_What the task requires:_
Verbatim copy without images: return all of the data as it stands.

_Source data:_

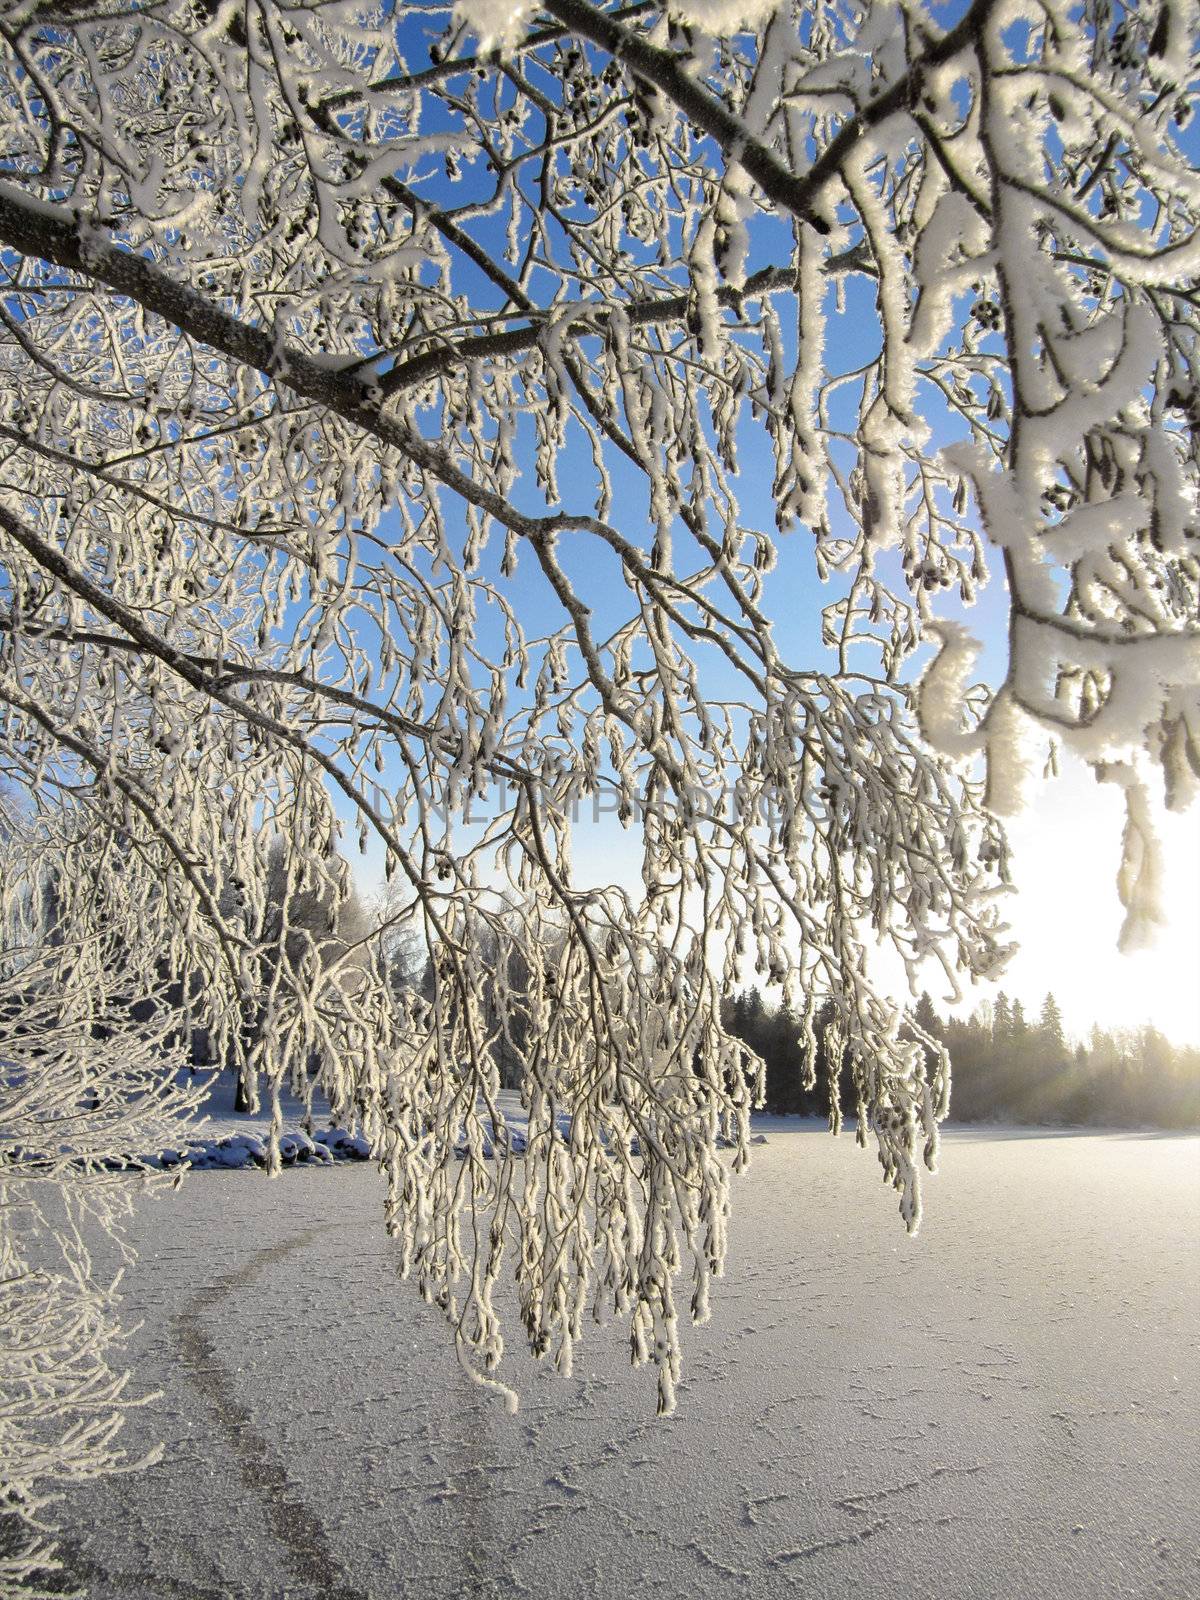 Winter snowy branches by anterovium
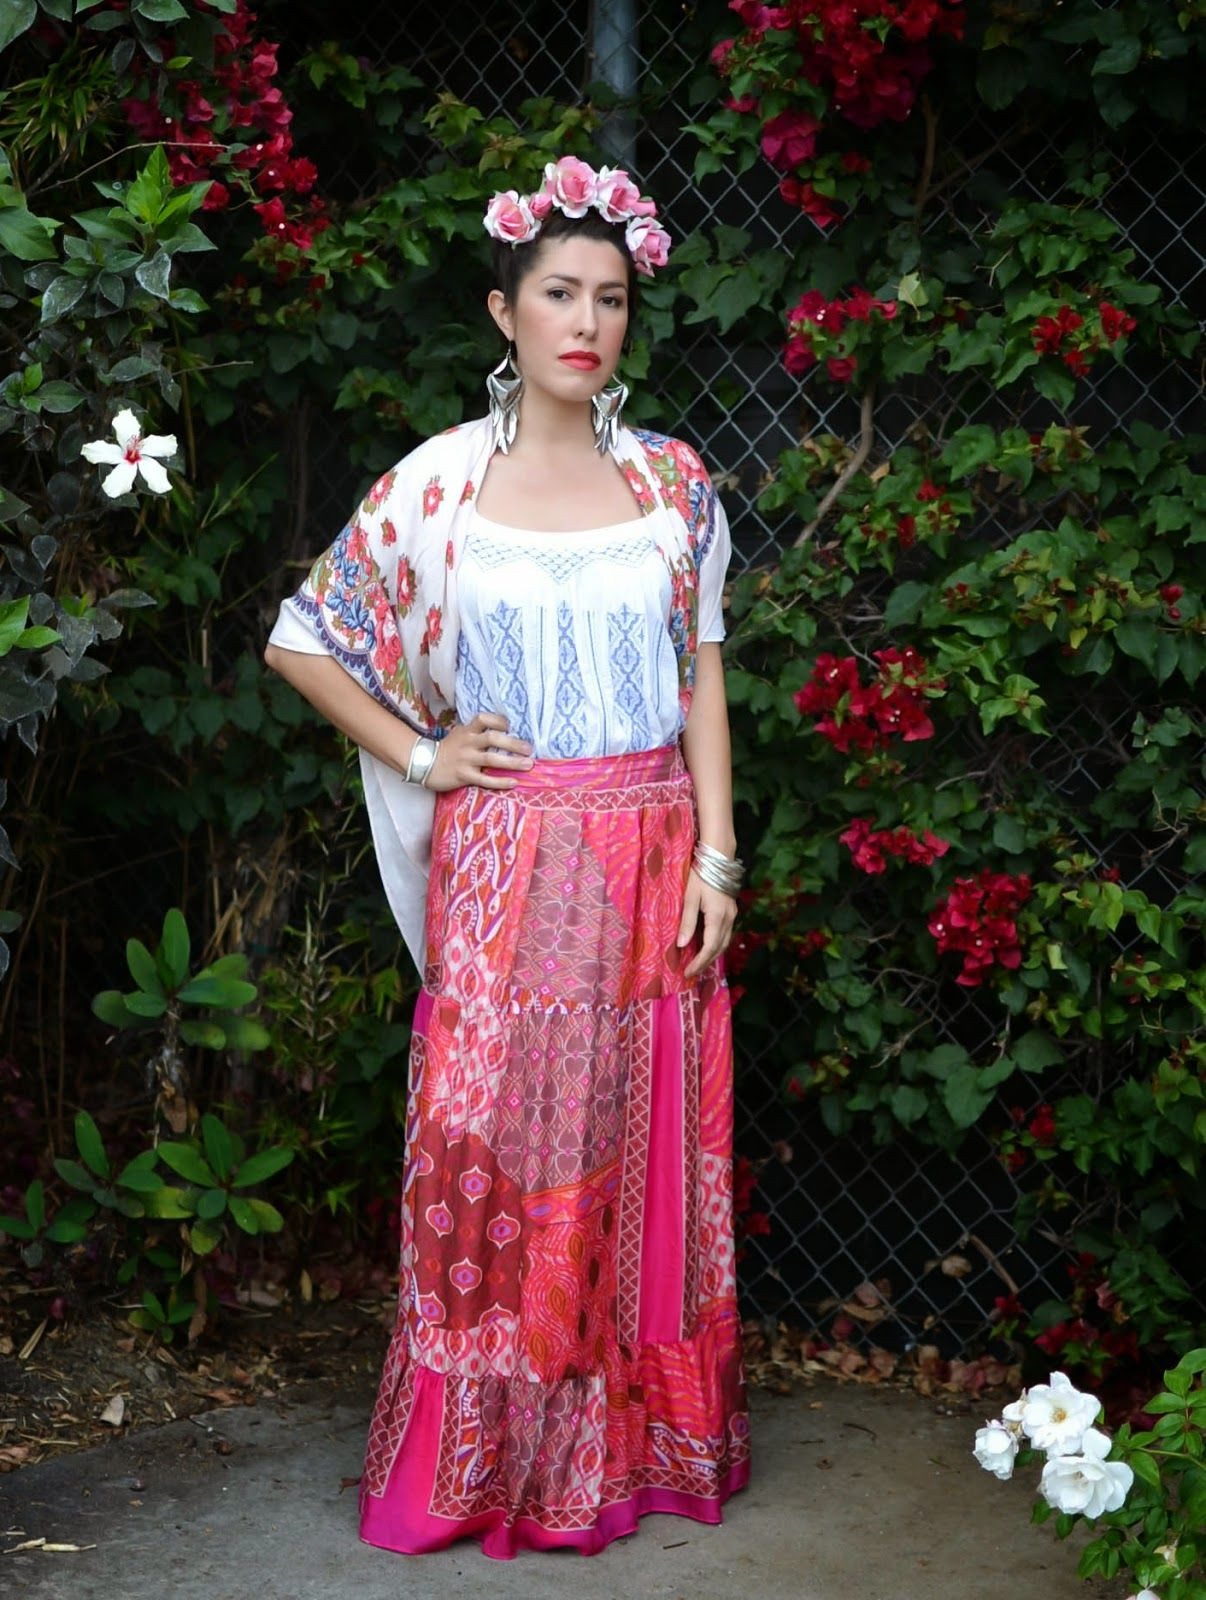 Best ideas about Frida Kahlo Costume DIY
. Save or Pin DIY Halloween Costume Frida Kahlo Spanish Muse diy Now.

_Written solution:_
 Winter snowy branches by anterovium
 Best ideas about Frida Kahlo Costume DIY
. Save or Pin DIY Halloween Costume Frida Kahlo Spanish Muse diy Now.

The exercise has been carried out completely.